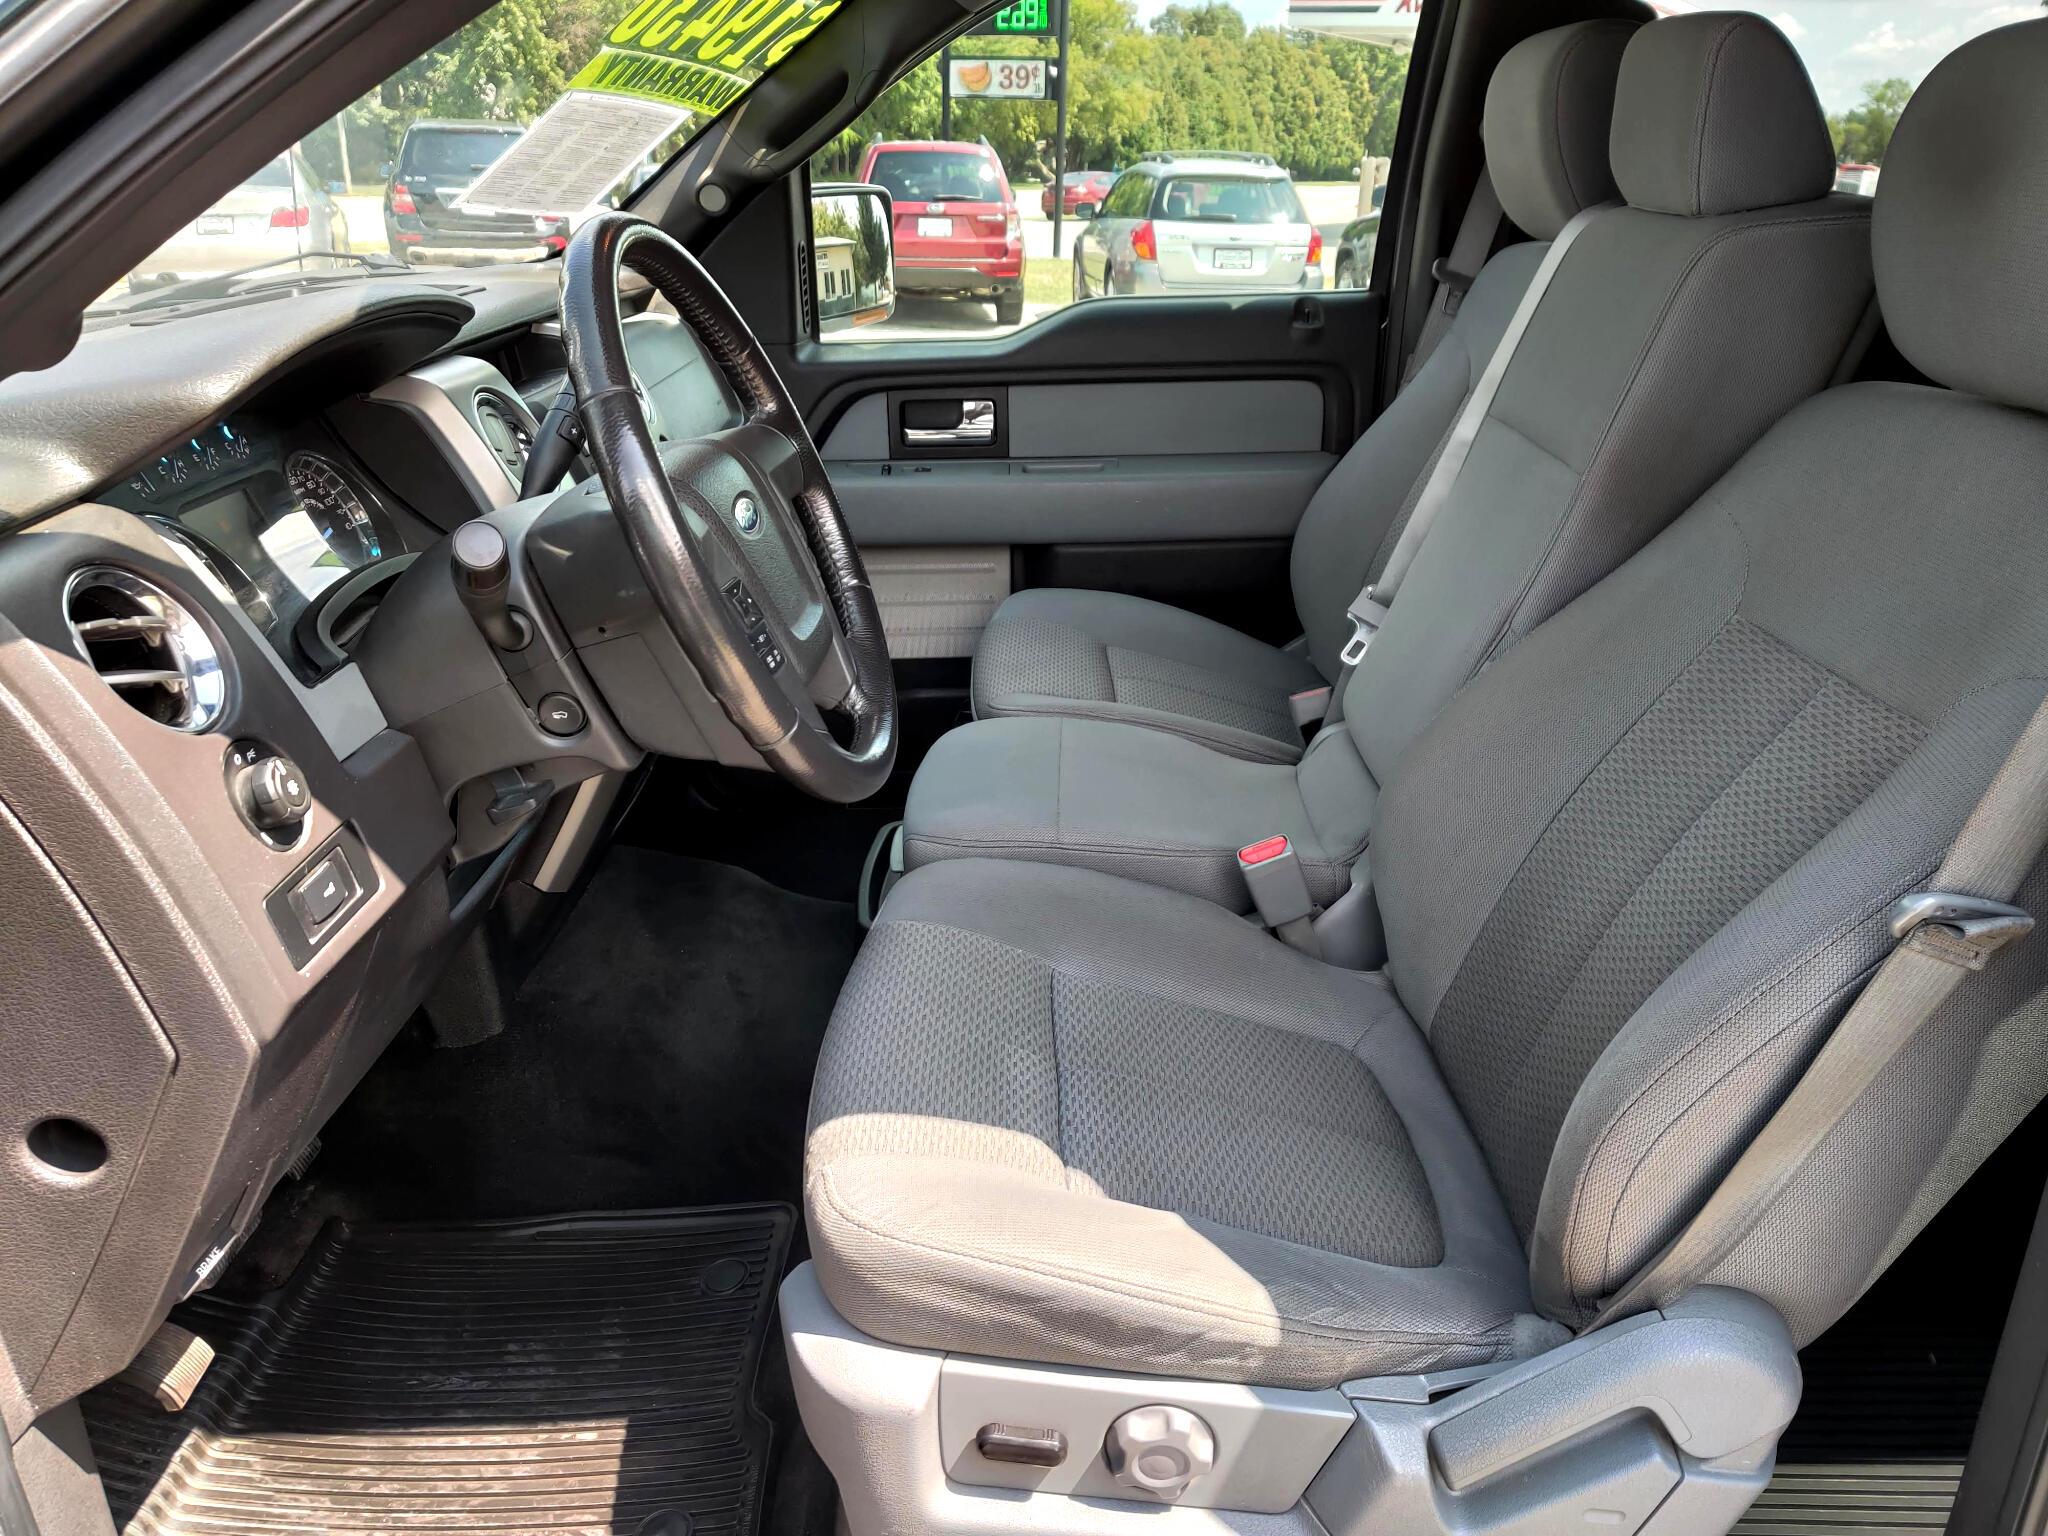 2012 Ford F-150 XLT SuperCrew 6.5-ft Box 4WD
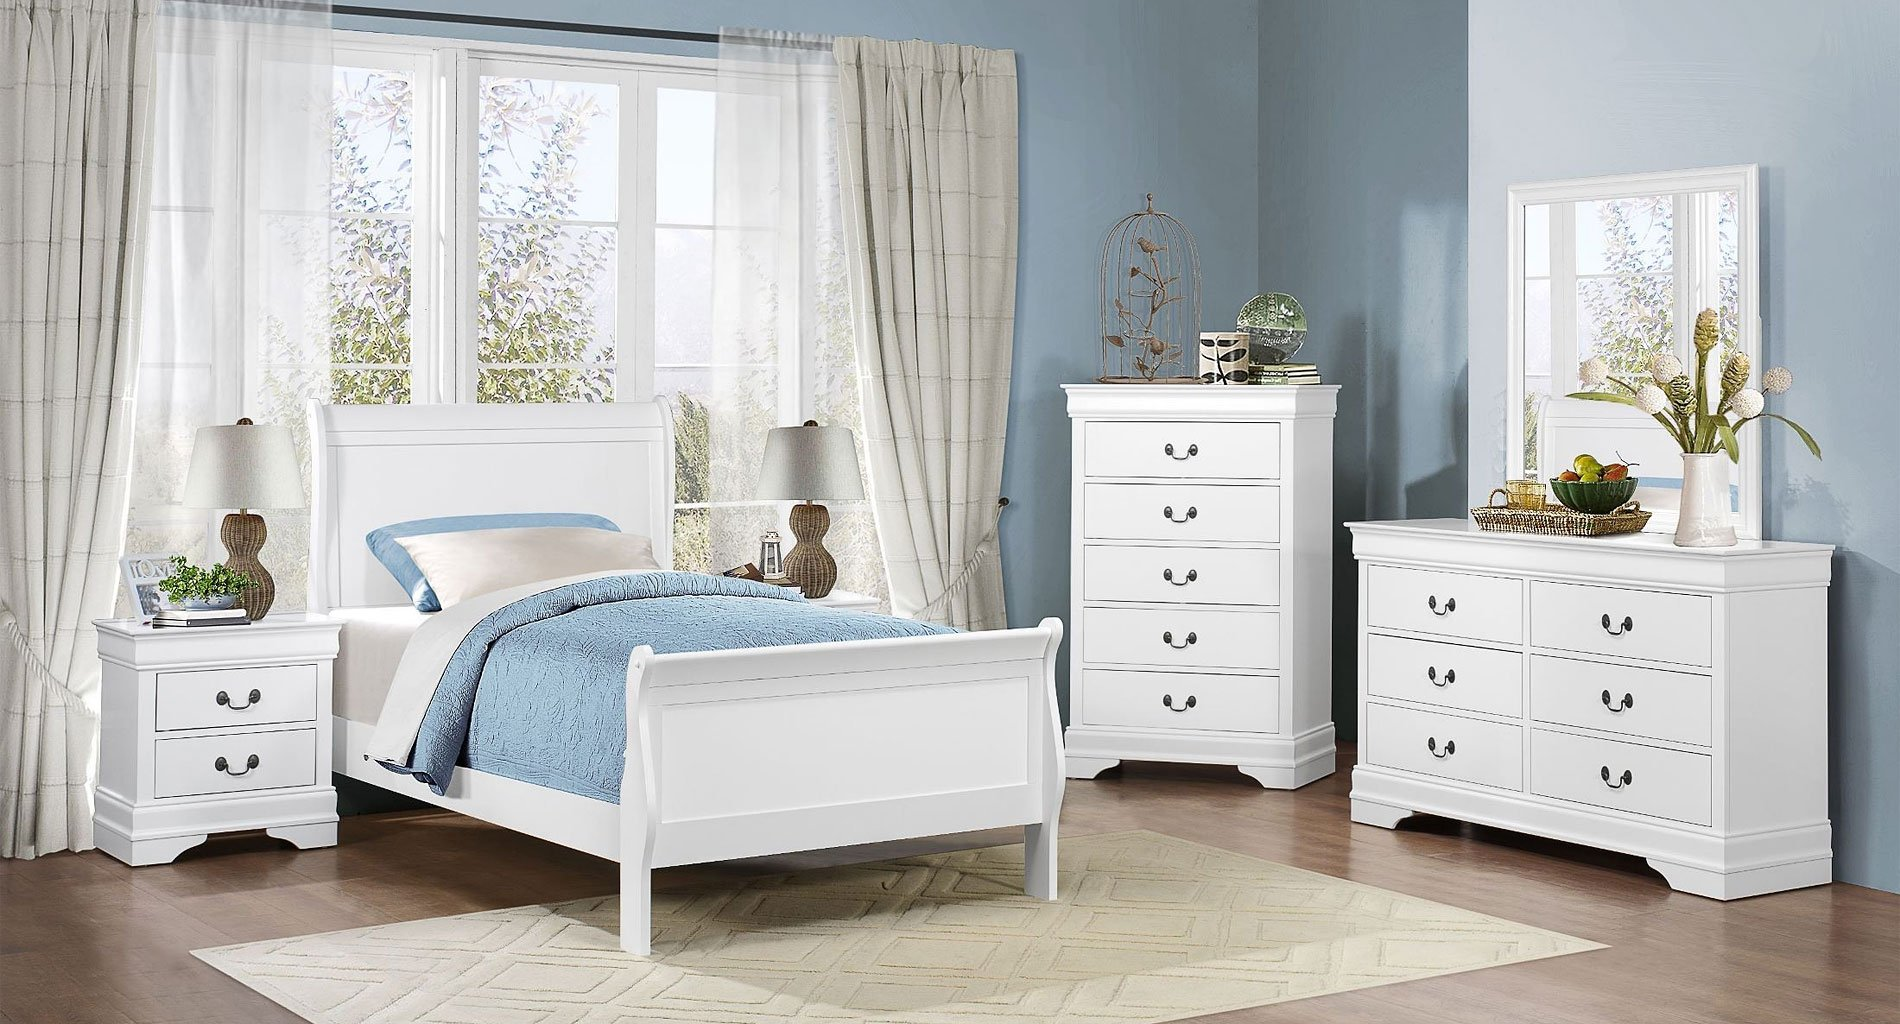 Mayville Youth Bedroom Set White Homelegance  Furniture
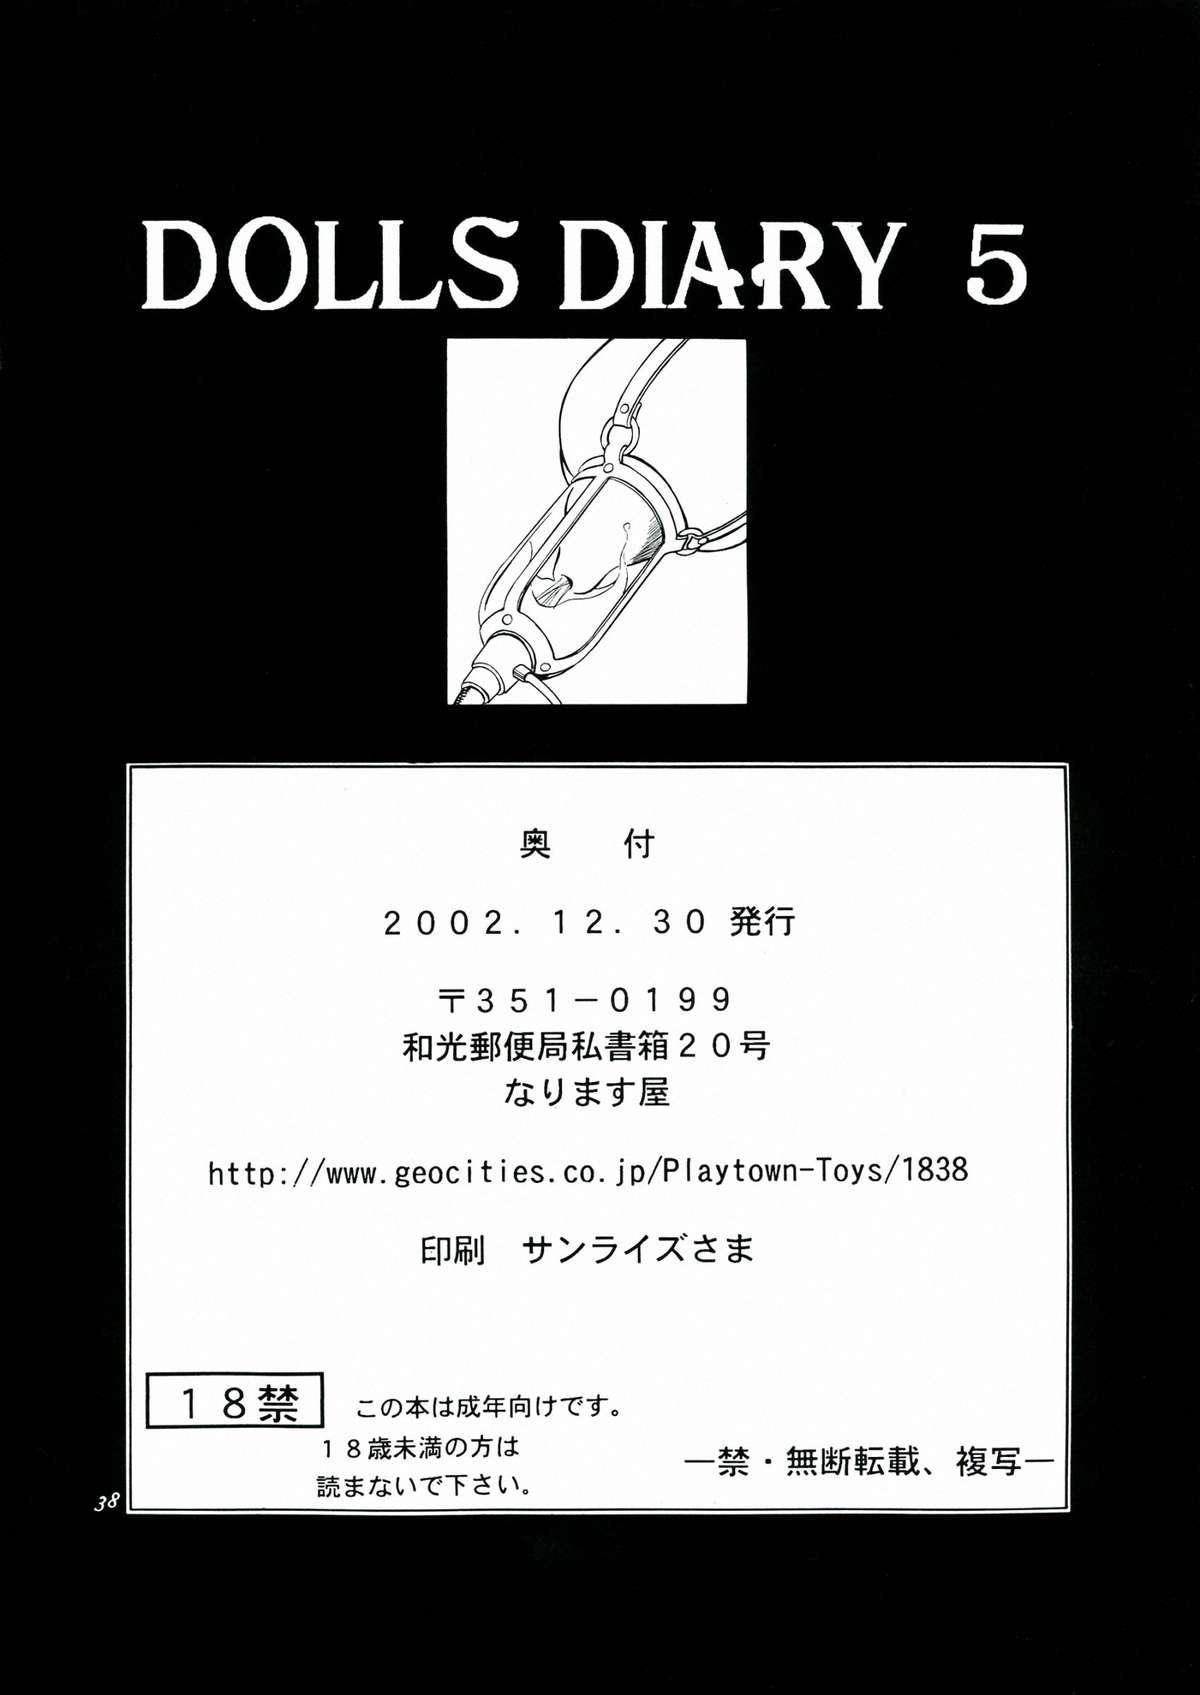 DOLLS DIARY 5 38
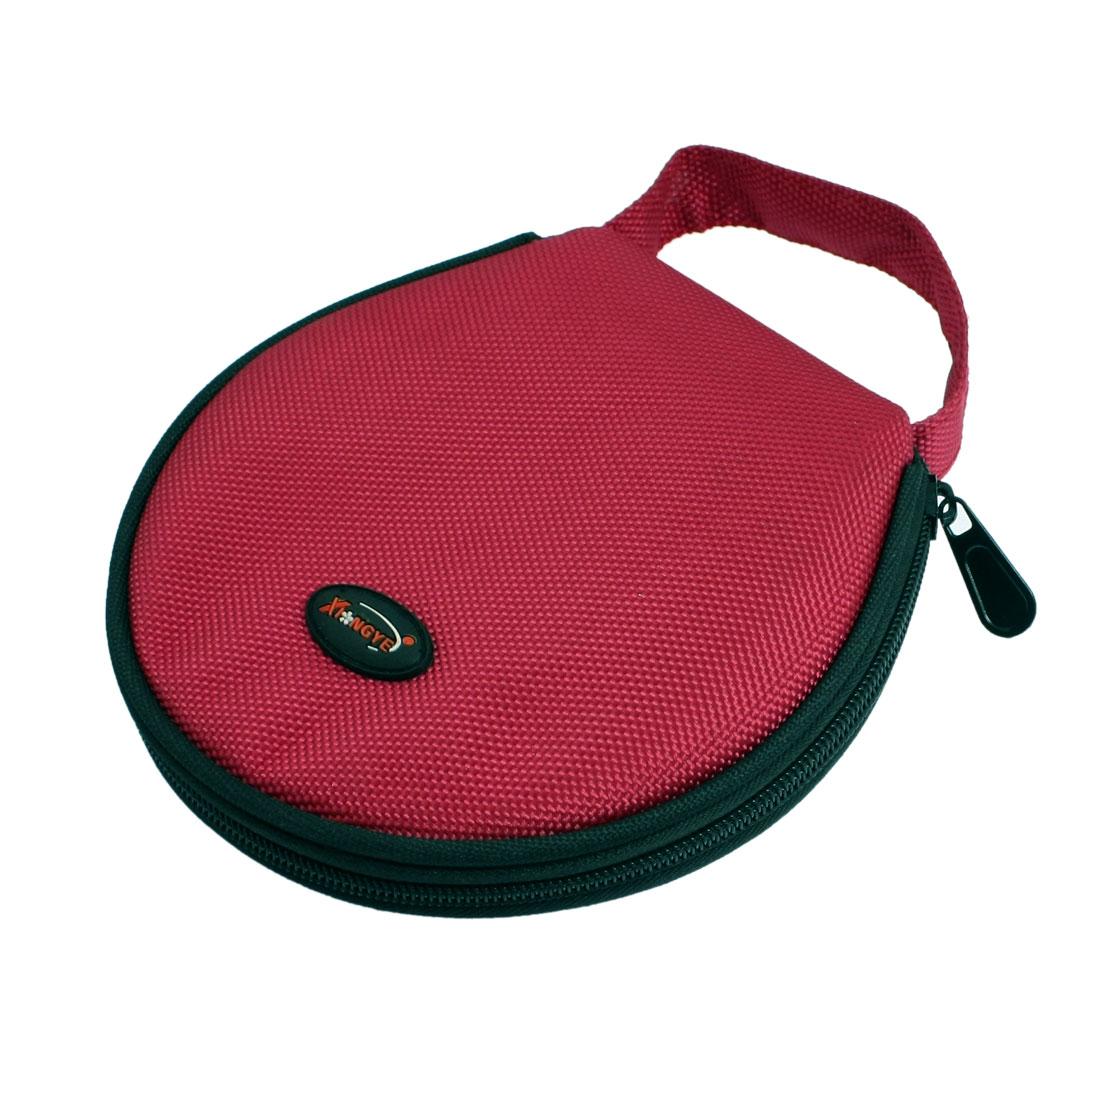 Red Nylon Zipper Closure 20 CDs Disc Holder Bag Organizer

━━━━━━━━

Exercise instructions: From the data above, write out everything exactly except the pictures.

Response to the task:
 2012 Ford F-150 XLT SuperCrew 6.5-ft Box 4WD
 Mayville Youth Bedroom Set White Homelegance  Furniture
 DOLLS DIARY 5 38
 Red Nylon Zipper Closure 20 CDs Disc Holder Bag Organizer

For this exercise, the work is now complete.